Not waiting for CDBGs, FEMA flood maps or permission from
Canizaro, ACORN crews and volunteers from across the country are
working night and day to repair the homes of 1,000 member-families in
some of the most threatened areas. The strategy is to confront the
city-shrinkers with the incontestable fact of reoccupied, viable
neighborhood cores.
ACORN has allied with the AFL-CIO and the NAACP to defend worker
rights and press for the hiring of locals in the recovery effort. Rathke
points out that Katrina has become the pretext for the most vicious
government-supported attack on unions since President Reagan fired
striking air-traffic controllers in 1981. "First, suspension of Davis-Bacon
[federal prevailing wage law], then the state takeover of the schools
and the destruction of the teachers' union, and now this." He points to
a beat-up green garbage truck rattling by Jackson Square. "Trash
collection in the French Quarter used to be a unionized city job, SEIU
members. Now FEMA has contracted the work to a scab company
from out of state. Is this what Bring New Orleans Back means?"
ACORN also went to court to insure that New Orleans's displaced,
largely black population would have access to out-of-state polling
places, especially in Atlanta and Houston, for the scheduled April 22
city elections. When a federal judge rejected the demand, ACORN
organizer Stephen Bradberry said it's "so obvious that there's a
concerted plan to make this a whiter city." The NAACP agrees, but the
Justice Department denied its request to block an election that is likely
to transfer power to the artificial white majority created by Katrina.
It would be inspiring to see in this latest battle of New Orleans the birth
pangs of a new or renewed civil rights movement, but gritty local
activism has yet to be echoed in meaningful solidarity by the labor
movement, so-called progressive Democrats or even the
Congressional Black Caucus.

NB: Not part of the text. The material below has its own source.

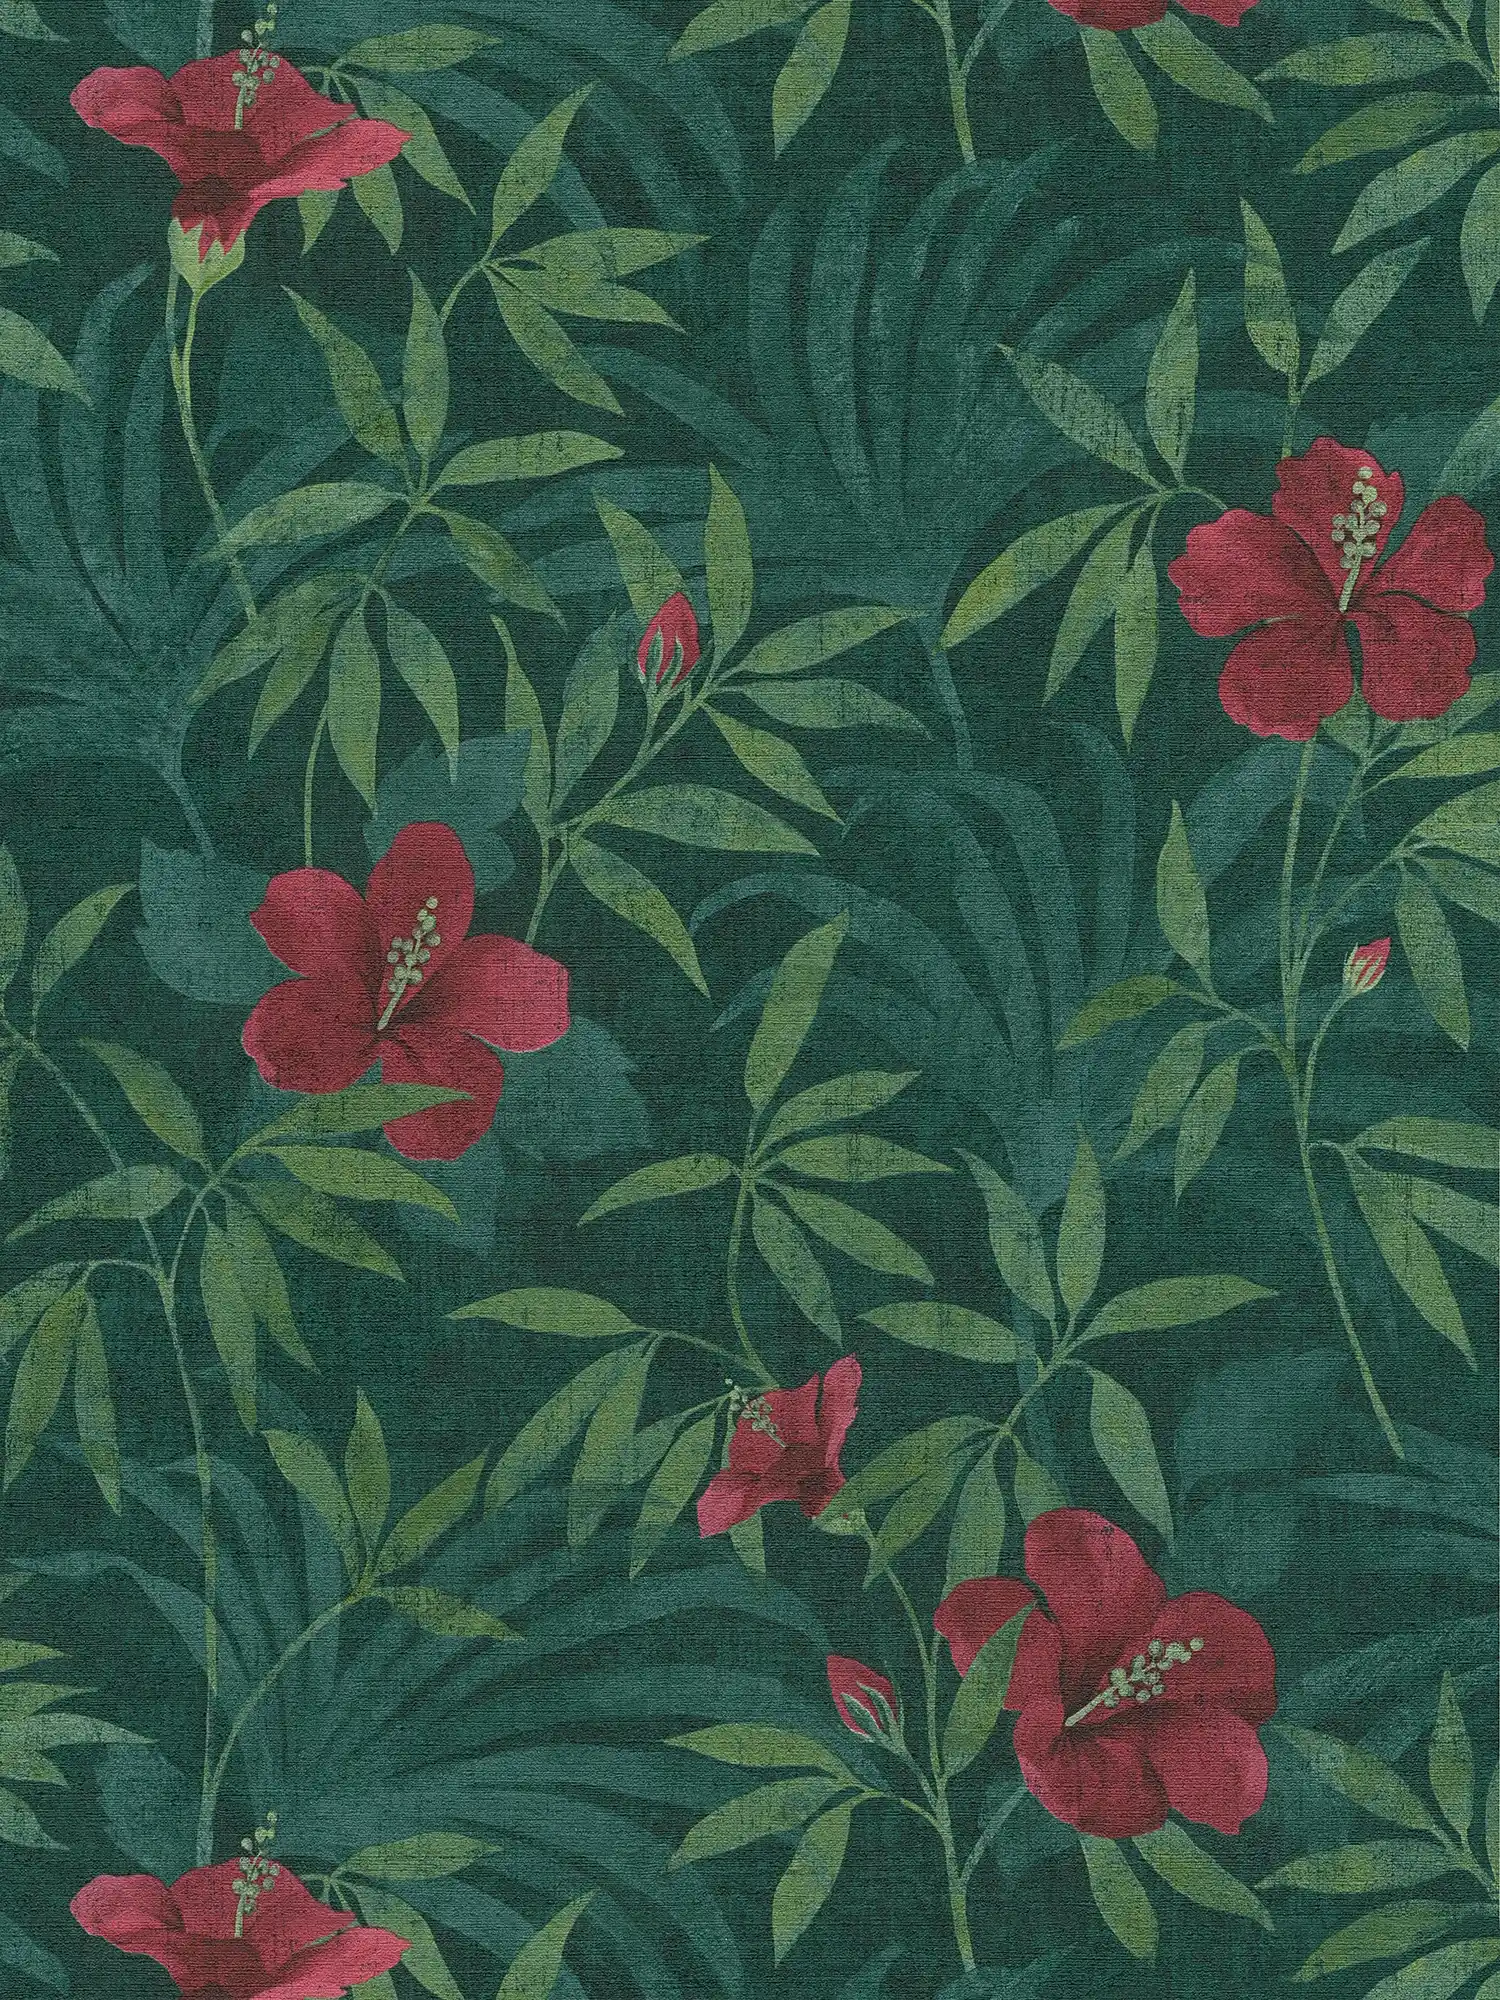 Jungle wallpaper green jungle & hibiscus flowers - green, red

Pledges, press statements and
occasional delegations, yes; but not the unfaltering national outrage
and sense of urgency that should attend the attempted murder of New
Orleans on the fortieth anniversary of the Voting Rights Act. In 1874,
as historian Ted Tunnell has pointed out, the failure of Northern
Radicals to launch a militant, armed riposte to the white insurrection in
New Orleans helped to doom the first Reconstruction. Will our feeble
response to Hurricane Katrina now lead to the rollback of the second?